Trade between Brazil and China has expanded rapidly over the last decade, bilateral trade rose from US $ 6.5 billion in 2003 to US $ 83.5 billion in 2010, making China Brazil’s biggest trade partner (taking over from the US). Brazil exports soy, oil and minerals in exchange for Chinese consumables and machinery, this pattern of trade – commodities in exchange for manufactured goods has led to accusations that China is turning Brazil into a colony and its flood of produce is stifling domestic manufacturing, a story that will sound familar to many other nations.
This Chinese demand was certainly a boon for Brazilian agri-businesses who have abundant supplies of soy and sugar and meat. Similarly its mining sector (primarily iron ore) has been feeding the factories of China, but also highlighting the poor state of Brazilian infrastructure as the country’s ports struggled to cope with demand. Now the slowdown in China and depressed demand for natural resources is likely to hit the Brazilian commodity sector hard, further exacerbating the country’s economic woes. For Chinese companies Brazil is a huge consumer market guzzling up cars, toys and clothes and all the other goods that China produces in such abundance.
However Brazil is also exporting manufactured goods China, most recently a $1.3 billion deal to sell 22 Embraer Jets to Tianjin Airlines, an open question is whether Brazil can do more deals like this and move away from the existing commodity exporting model. Some of the answers will come from building the right things for the right price, others will come with the reduction in tariffs that still has a long way to go. The “thick borders” which do so much to restrict trade in the developing world still exist despite a number of bi-lateral trade deals between the two countries.
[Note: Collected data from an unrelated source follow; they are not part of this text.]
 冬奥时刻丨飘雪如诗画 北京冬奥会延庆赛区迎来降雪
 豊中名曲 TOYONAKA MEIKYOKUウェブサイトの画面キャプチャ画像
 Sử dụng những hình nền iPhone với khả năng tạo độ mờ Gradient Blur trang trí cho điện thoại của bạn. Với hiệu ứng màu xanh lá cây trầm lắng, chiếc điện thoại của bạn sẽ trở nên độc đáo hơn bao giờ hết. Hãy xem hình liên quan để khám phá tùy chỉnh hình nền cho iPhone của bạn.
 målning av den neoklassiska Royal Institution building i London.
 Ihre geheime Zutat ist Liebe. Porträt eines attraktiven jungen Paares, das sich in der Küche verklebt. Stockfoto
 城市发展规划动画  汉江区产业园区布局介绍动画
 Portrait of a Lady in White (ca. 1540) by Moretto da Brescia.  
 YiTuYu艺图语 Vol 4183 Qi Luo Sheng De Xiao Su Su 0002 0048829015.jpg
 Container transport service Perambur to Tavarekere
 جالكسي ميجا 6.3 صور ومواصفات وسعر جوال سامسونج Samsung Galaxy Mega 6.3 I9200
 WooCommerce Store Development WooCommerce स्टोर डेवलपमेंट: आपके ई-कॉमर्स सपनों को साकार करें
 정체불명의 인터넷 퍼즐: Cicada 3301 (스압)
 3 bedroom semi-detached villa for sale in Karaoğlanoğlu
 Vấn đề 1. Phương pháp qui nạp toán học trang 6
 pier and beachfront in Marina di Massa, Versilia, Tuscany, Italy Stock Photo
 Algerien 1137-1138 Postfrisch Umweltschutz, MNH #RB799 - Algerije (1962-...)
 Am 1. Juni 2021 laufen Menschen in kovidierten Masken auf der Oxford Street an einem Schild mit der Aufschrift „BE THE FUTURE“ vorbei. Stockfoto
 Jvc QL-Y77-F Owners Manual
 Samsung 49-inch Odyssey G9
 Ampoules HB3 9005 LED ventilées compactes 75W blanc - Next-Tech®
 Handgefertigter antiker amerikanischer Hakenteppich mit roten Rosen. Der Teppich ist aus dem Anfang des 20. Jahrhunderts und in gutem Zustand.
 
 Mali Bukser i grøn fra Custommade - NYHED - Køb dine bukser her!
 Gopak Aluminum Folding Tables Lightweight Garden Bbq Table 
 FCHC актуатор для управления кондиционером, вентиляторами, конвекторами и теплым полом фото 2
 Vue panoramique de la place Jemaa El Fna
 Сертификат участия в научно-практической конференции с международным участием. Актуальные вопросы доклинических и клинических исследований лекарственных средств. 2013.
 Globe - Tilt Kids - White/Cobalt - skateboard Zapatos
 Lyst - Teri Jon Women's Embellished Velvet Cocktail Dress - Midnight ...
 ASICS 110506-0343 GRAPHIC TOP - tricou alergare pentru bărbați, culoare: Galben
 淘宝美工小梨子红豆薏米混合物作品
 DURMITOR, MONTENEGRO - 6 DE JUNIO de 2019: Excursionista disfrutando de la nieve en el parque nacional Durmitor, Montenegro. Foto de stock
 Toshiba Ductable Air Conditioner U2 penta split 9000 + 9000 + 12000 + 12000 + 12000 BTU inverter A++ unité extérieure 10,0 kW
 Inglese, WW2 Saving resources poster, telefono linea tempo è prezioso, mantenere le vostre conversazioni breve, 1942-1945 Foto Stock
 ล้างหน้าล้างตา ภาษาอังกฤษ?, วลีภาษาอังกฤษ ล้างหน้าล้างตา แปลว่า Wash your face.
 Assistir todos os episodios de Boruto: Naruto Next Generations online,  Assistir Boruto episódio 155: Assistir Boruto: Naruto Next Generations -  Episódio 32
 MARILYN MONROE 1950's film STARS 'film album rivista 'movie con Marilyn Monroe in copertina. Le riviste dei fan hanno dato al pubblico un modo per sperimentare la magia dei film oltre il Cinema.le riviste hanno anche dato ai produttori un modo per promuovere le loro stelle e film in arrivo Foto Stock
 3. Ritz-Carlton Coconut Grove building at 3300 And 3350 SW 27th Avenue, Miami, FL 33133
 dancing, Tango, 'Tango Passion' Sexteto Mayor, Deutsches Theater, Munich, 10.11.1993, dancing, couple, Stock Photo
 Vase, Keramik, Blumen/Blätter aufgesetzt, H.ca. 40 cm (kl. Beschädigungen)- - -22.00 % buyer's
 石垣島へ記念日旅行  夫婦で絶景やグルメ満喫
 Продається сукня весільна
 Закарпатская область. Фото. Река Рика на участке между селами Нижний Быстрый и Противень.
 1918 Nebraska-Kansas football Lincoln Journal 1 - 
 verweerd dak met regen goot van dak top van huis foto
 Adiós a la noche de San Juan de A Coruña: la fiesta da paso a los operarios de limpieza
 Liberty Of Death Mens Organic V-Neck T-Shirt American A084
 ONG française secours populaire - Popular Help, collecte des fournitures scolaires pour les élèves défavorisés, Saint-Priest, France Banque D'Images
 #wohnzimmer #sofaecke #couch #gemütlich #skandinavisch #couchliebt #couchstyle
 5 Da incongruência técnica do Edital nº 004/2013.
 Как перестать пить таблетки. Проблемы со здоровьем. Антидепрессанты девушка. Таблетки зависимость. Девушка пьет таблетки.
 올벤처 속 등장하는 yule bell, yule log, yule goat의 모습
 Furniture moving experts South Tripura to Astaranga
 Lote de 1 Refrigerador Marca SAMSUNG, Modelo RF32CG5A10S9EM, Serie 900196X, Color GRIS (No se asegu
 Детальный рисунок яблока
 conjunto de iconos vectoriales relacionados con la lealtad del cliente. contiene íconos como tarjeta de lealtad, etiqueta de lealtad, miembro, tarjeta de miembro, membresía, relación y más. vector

The Brazilian government’s most blatant protectionist measure was a 55% tariff rate on imported cars, squarely aimed at Chinese manufacturers – whose machines are starting to make a big impact on the Brazilian market. This may explain Chery’s (Chinese car manufacturer) decision to build cars in Brazil, as way of avoiding import duties and creating vehicles specifically for the Latin American market.
Protectionism Brazilian Style
The Brazilian Foreign Trade Chamber CAMEX also increased tariffs by 25% on a wide range of manufactured items, supposedly aimed at stimulating domestic production. The 25% increase is lower than the 33% limit set by the WTO, but nevertheless highlights the country’s anxiety towards Chinese imports. These trade barriers also raise the wider question of whether emerging economies can reduce the tariffs that curtain the global South in comparison to the “North” or West, which have spent the last 60 years lowering trade barriers and building institutions to enact that policy.
South East Asia has also taken significant strides to reduce trade barriers, whereas South Asia and Africa are regional laggards in this regard with most of their trade outside their regions they have failed to develop full trading relations with their close neighbours, partly because of the physical and political barriers, partly a lack of need for each other goods and also the lack of political will required to reduce trade tariffs.
The Chinese of course are also accused of protectionist measures, most obvious and commented upon is the Renminbi, by keeping its value low Beijing can boost exports. Of course this does make imports more expensive, so it is not entirely beneficial for China.
China now represents the destination of 16% of Brazil exports and 15% of its imports, making it the South American country’s biggest trade partner. For China Brazil is a much less important trade partner relatively speaking, but still the most important in Latin America. For now Sino-Brazilian trade is likely to grow at a much reduced pace, if at all, as both economies go through lower growth and significant tariffs remain in place.